"Precious" was the last thing John Brandt-Lee intended his menu to be when he launched Avalon Pasta Bistro in the Philadelphia suburb of Downington, Pennsylvania a little over a year ago, with the forward-thinking idea of introducing diners to smaller European portions. "When we opened, I offered a shareable, small-plates menu that allowed customers to put together an a-la-carte meal," he recalls. "We explained our mission on the menu: ‘Avalon Pasta Bistro is a Tapas-style restaurant designed to promote social interaction while giving everyone the opportunity to try many dishes. Our portion size is approximately 5 to 6 bites.’
"Our servers were well trained to deliver the message, but the customers coming in had an Olive Garden mentality. They would order just one $14 plate of pasta and complain that the portions were too small for the price—even though they loved the taste."
Complaints grew so loud that Brandt-Lee had to change his strategy. He got rid of the a-la-carte menu and created a four-plate prix fixe. For $35, guests could order three antipasti and a medium-sized pasta and feel they were getting a good deal. It was the way the chef-owner originally intended his restaurant to work—multiple plates with multiple flavors—but in a different format. "Positive online buzz began to spread to the demographic I wanted to reach—young professionals and couples going out for date night," he says.

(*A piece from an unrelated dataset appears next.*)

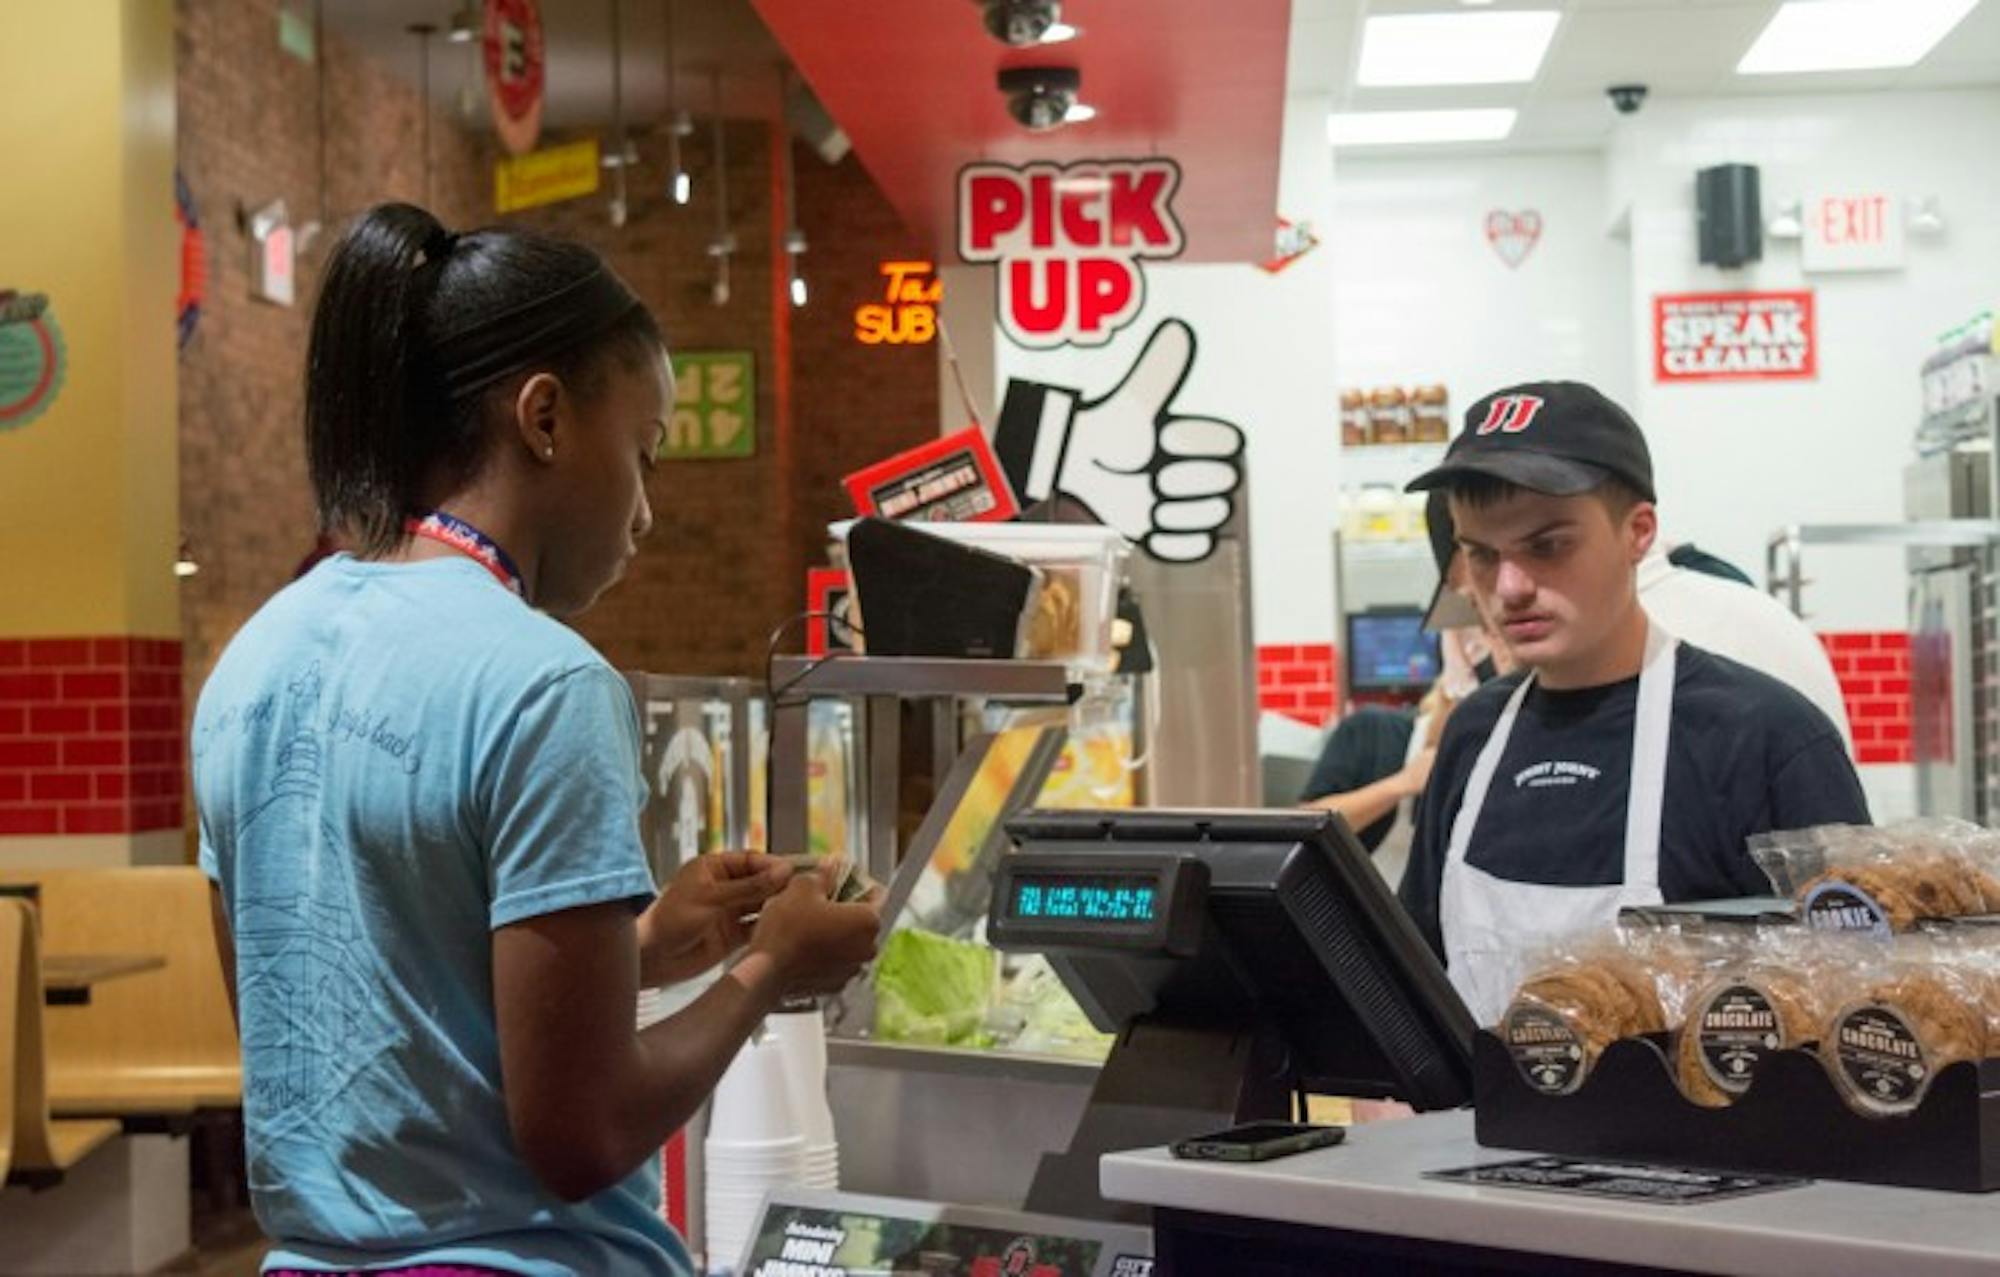 Notre Dame senior Lindsay Allen orders dinner at the new Jimmy John’s location on Eddy Street on Sunday. The restaurant joins other chains such as Chipotle and Five Guys.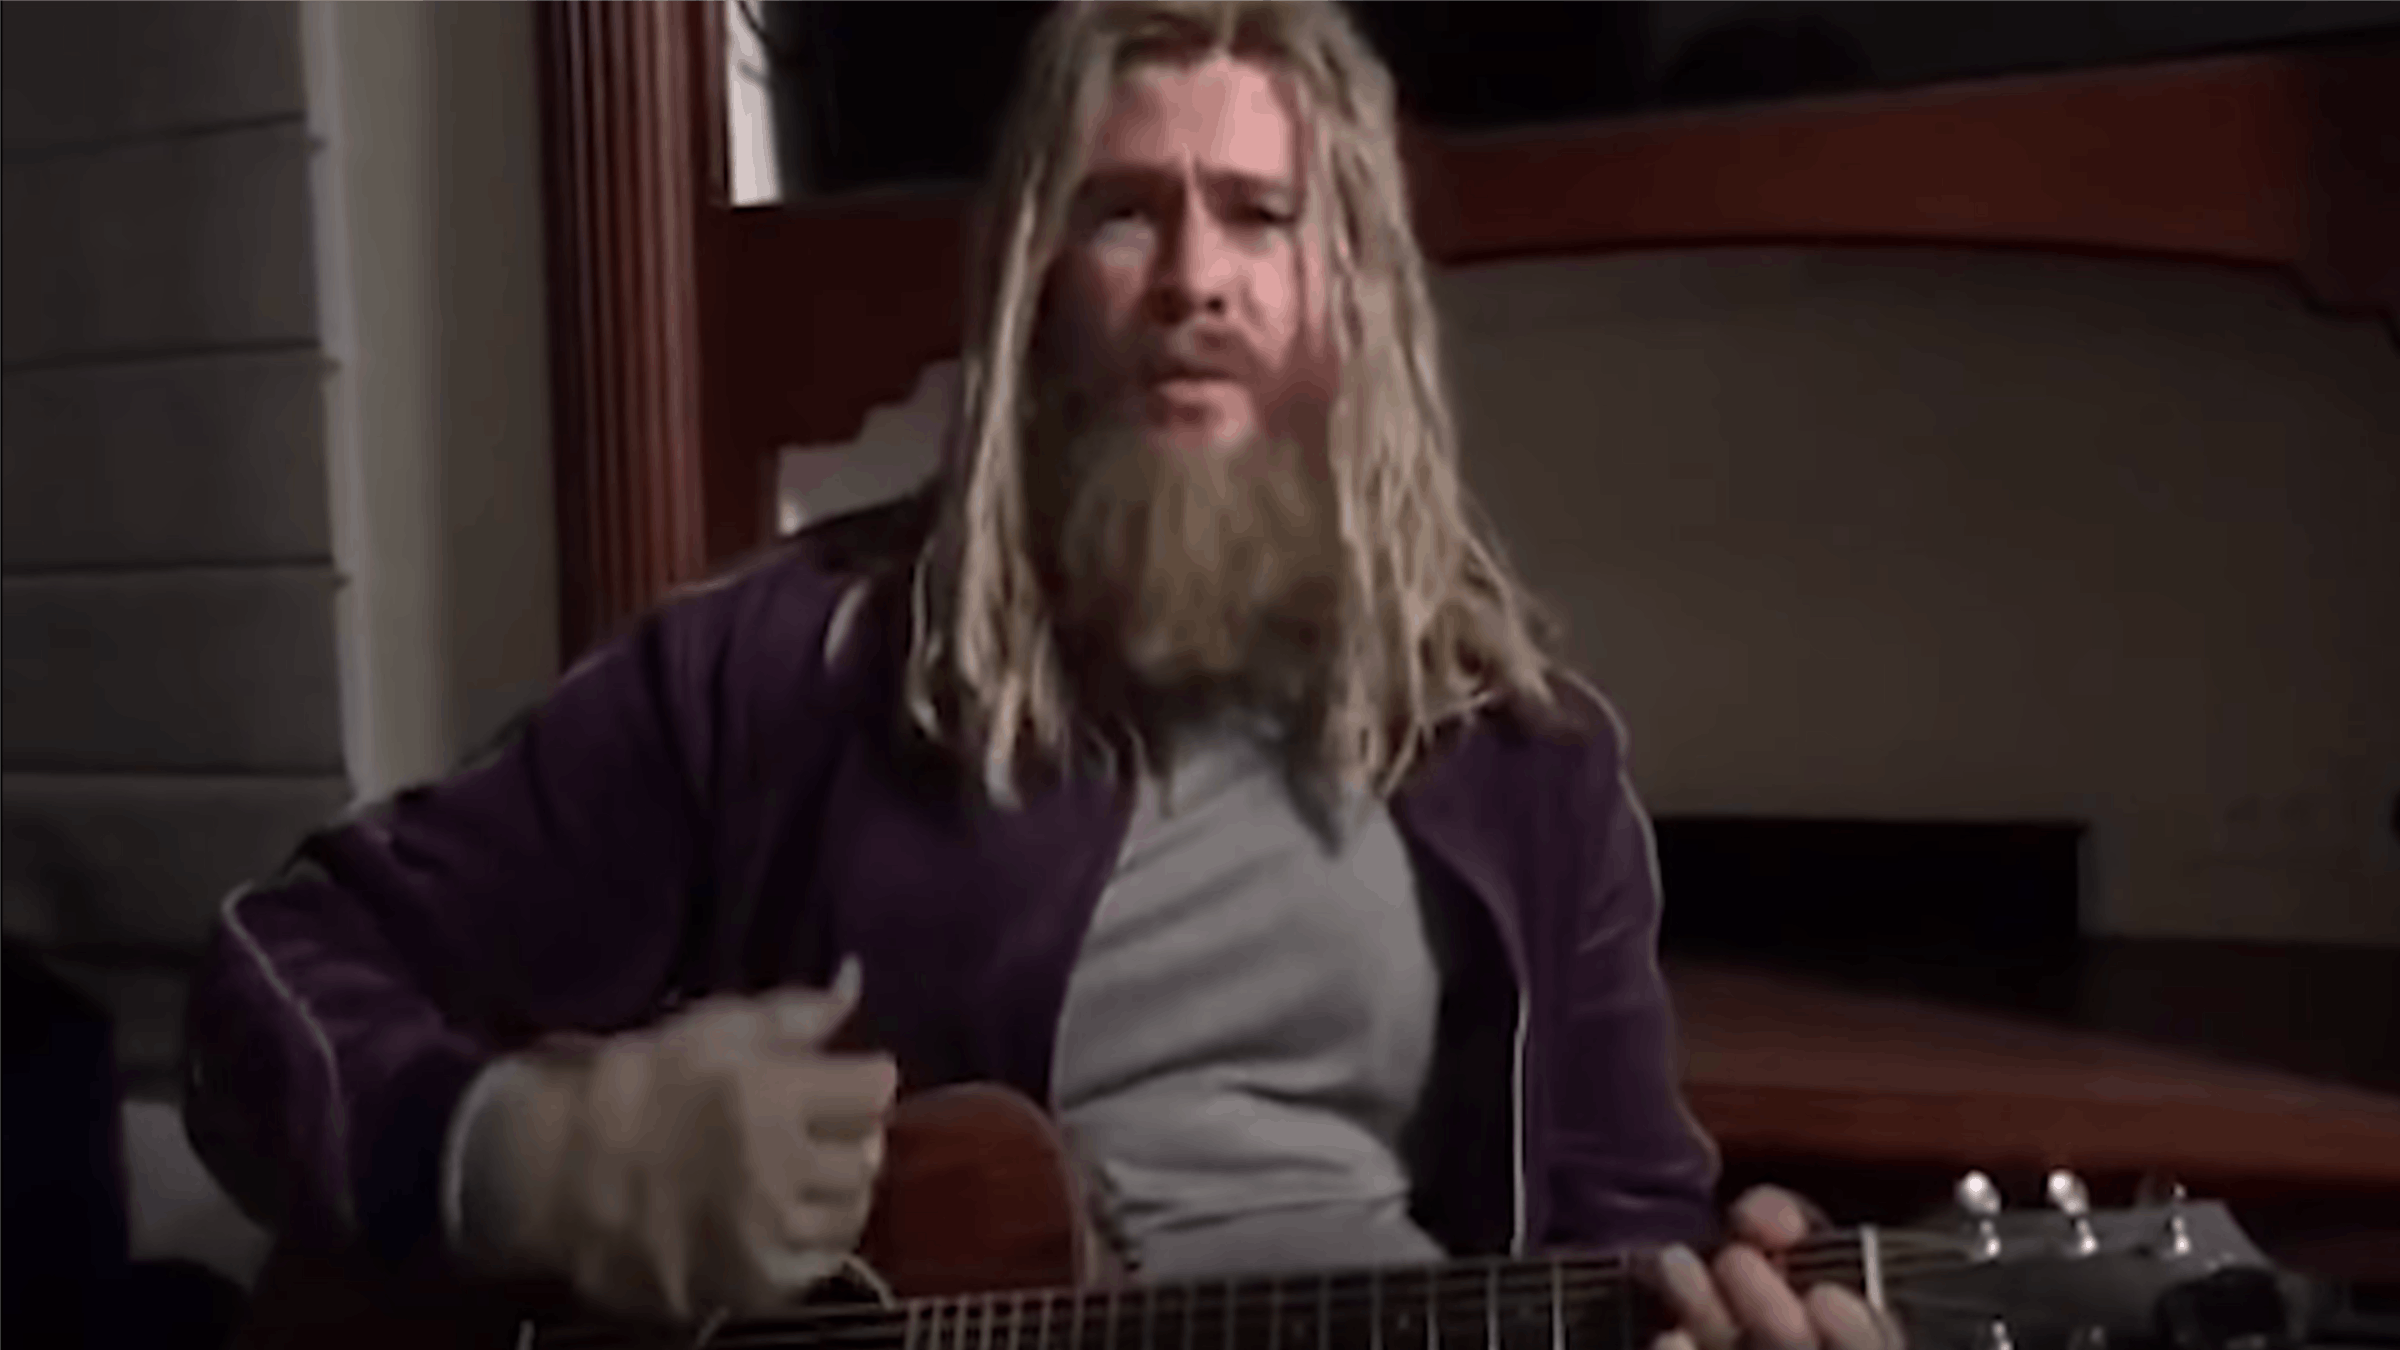 Watch Fat Thor Perform An Acoustic Rendition Of Nine Inch Nails' Hurt On Fallon

Once the word spread, Brandt-Lee was able to revert the menu back to his original a-la-carte, small-plates format—but only from Wednesday to Friday. Antipasti are priced from $7 to $10, flat breads like the popular ricotta, pistachio and white truffle honey, at $15, and pastas, $14 to $17. The change back has also boosted the average check.
"I really didn’t change the selections—I just changed the way people could purchase a meal," says the chef-owner. Nevertheless, "on Saturday nights we still have the $35 prix fixe," he laments. "We had to adapt—the suburbs are so chain-oriented."